Review Summary: It got so bad... But here I can make it. I can teach myself to survive.
Who are City Of Ships...
...I have no idea, really.
I’d never heard any of their work before late 2015 when I stumbled upon this album and it had had an uncanny sort of impact on me. As 2015 was a hectic and confusing year, this album got lost in the shuffle. In fact, I completely forgot it even existed. Except every now and then, some melody or snippet of lyric would wander back into my brain at random and vex me for hours as I would fumble with Google, trying to articulate certain phrases that kept coming back to me, searching for this album again to no avail...
Until finally this year, after a protracted period of proverbially checking the oven for that pair of keys I had hopelessly misplaced… After I had finally given up… it finally hit me like a lightning bolt of epiphany: City Of Ships. Ultraluminal.
To describe this album in broad terms is to do it a disservice. I guess it’s a punky, post-hardcore/alt rock album with terrible production and layers of washed out guitars that crash over you like a waterfall on jagged rocks. But even that loose description is like trying to hold a cup of water in your hands; the heart of it just leaks right through your fingers.
Alarm hooks fast and hard with aching sing-song vocals that cascade over a wall of dissonant guitars and throbbing bass. It alternates between lost and directionless verses and a flailing bleeding-heart chorus that implodes like a star under its own reverb-soaked waves. Metadata Blues rocks hard as well but the vocals sound tired and defeated as the singer mumbles ‘these days, you know you can’t be too careful… I trust they had their reasons… as long as I get left alone’.
Private Party is another winner, a reckless, punch-drunk celebration of personal failings framed in dirty rock: ‘Walked into a trap that I thought was my way out!’ The singer shouts carelessly in an eerie mixture of bitterness and pride, ‘Been caught in it for so long… don’t think I’ll shake it now’.
The Old Man really flaunts the Finch influence with it’s aggressive border-line screamed lyrics and by-turn dirty-bright guitars, while Lost It and Mile High really mine the wall-of-noise approach to come up with something almost tender in its nostalgia, appropriately tinged with regret and painful self-awareness. These two tracks are so poignant that I’m going to go ahead and post the lyrics down below because they are true gems that go hand-in-hand and immaculately encapsulate the album; One is about being a haunted by a death, while the other tells the story of a man who goes off to live as a hermit out of spite to those who assumed he would die.
But the absolute heart of the record has to be Preeminence.

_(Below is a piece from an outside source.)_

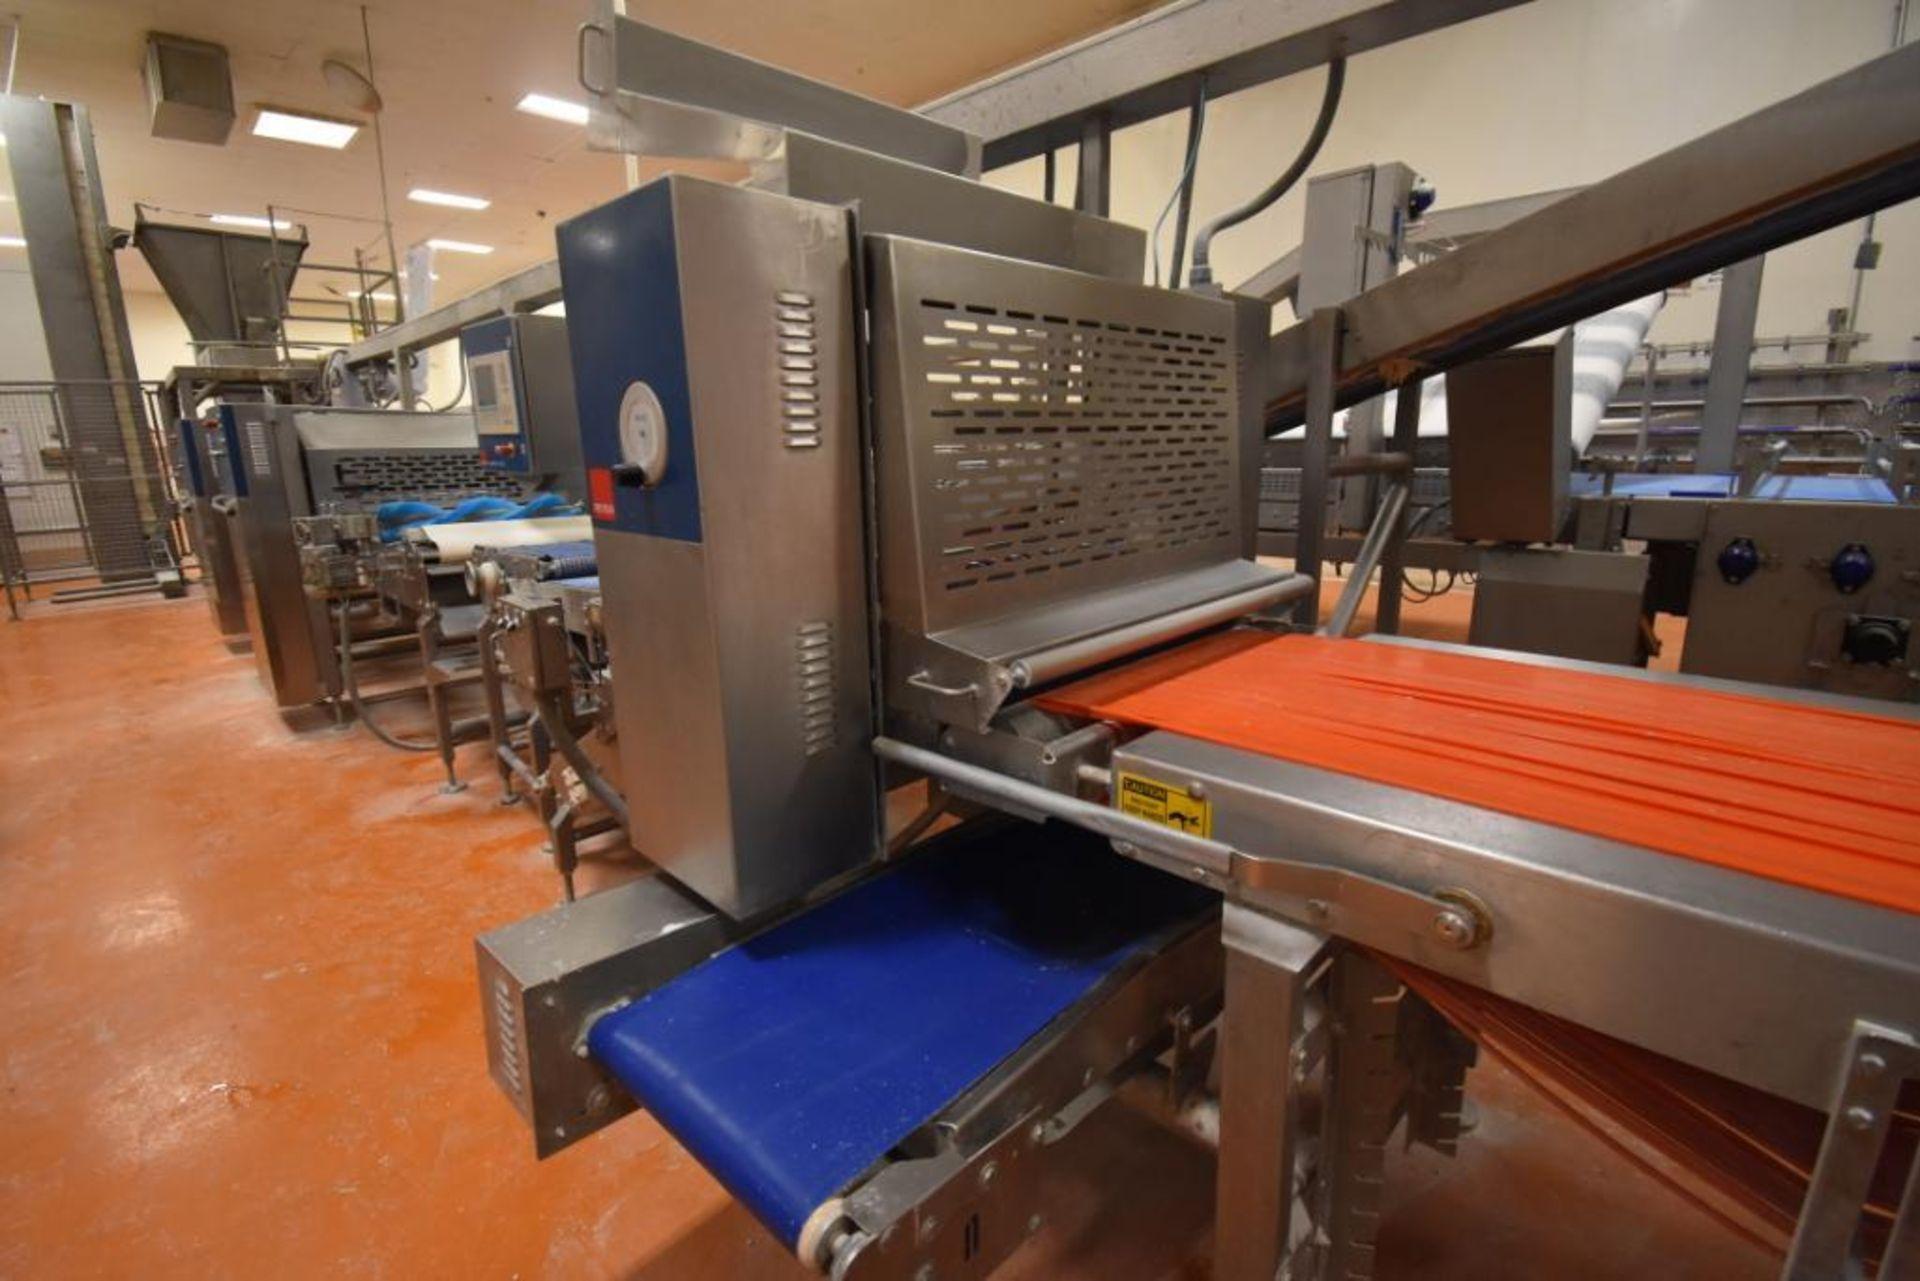 2007 Fritsch Laminator 3000 dough line - Image 100 of 280
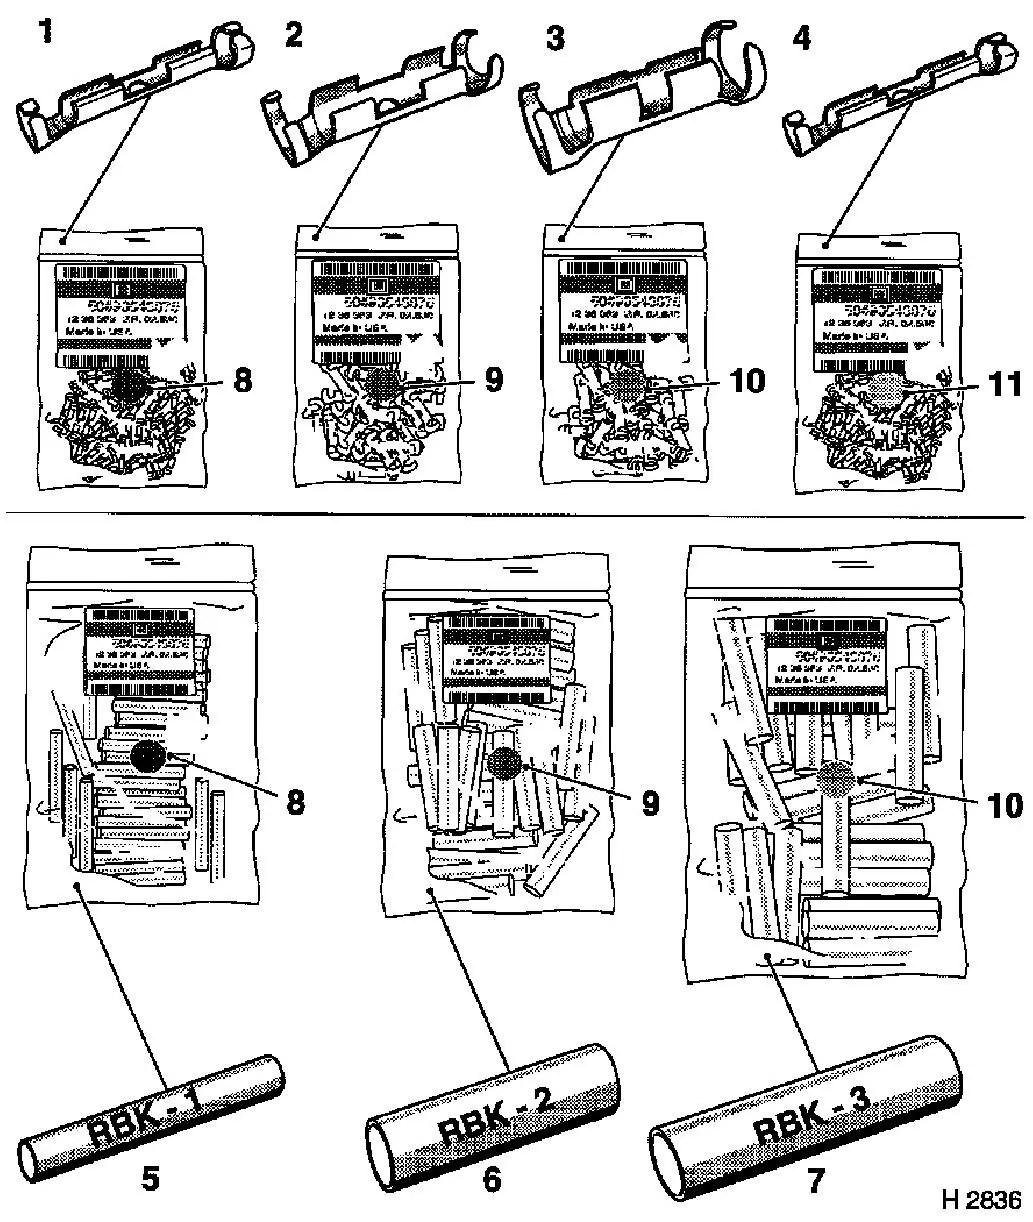 vauxhall vectra b wiring diagram ge dryer timer workshop manuals gt general vehicle

It’s a hard, hook-laden alt-rock song in the vein of Finch, and that chorus has been ringing in my head for years, even as I tore my hair out to figure out where it came from or if I merely dreamed it… That hook really crystallizes the essence of what’s special and unique about Ultralumial: ‘You can take an illiterate man and teach him how to read, but you can’t force the meaning… Stand next to a blind man and describe the scenery, but it won’t help him to see’.
I could go on, but in fear of redundancy, Ultraluminal is a unique cocktail of angsty emotions; even as it’s trying to pull you into its whirlpool of woe-is-me-ness, it’s also deliberately holding you at arms-length, never willing to fully be embraced. And when the execution is this strong, that kind of bipolarity is a blessing rather than a curse.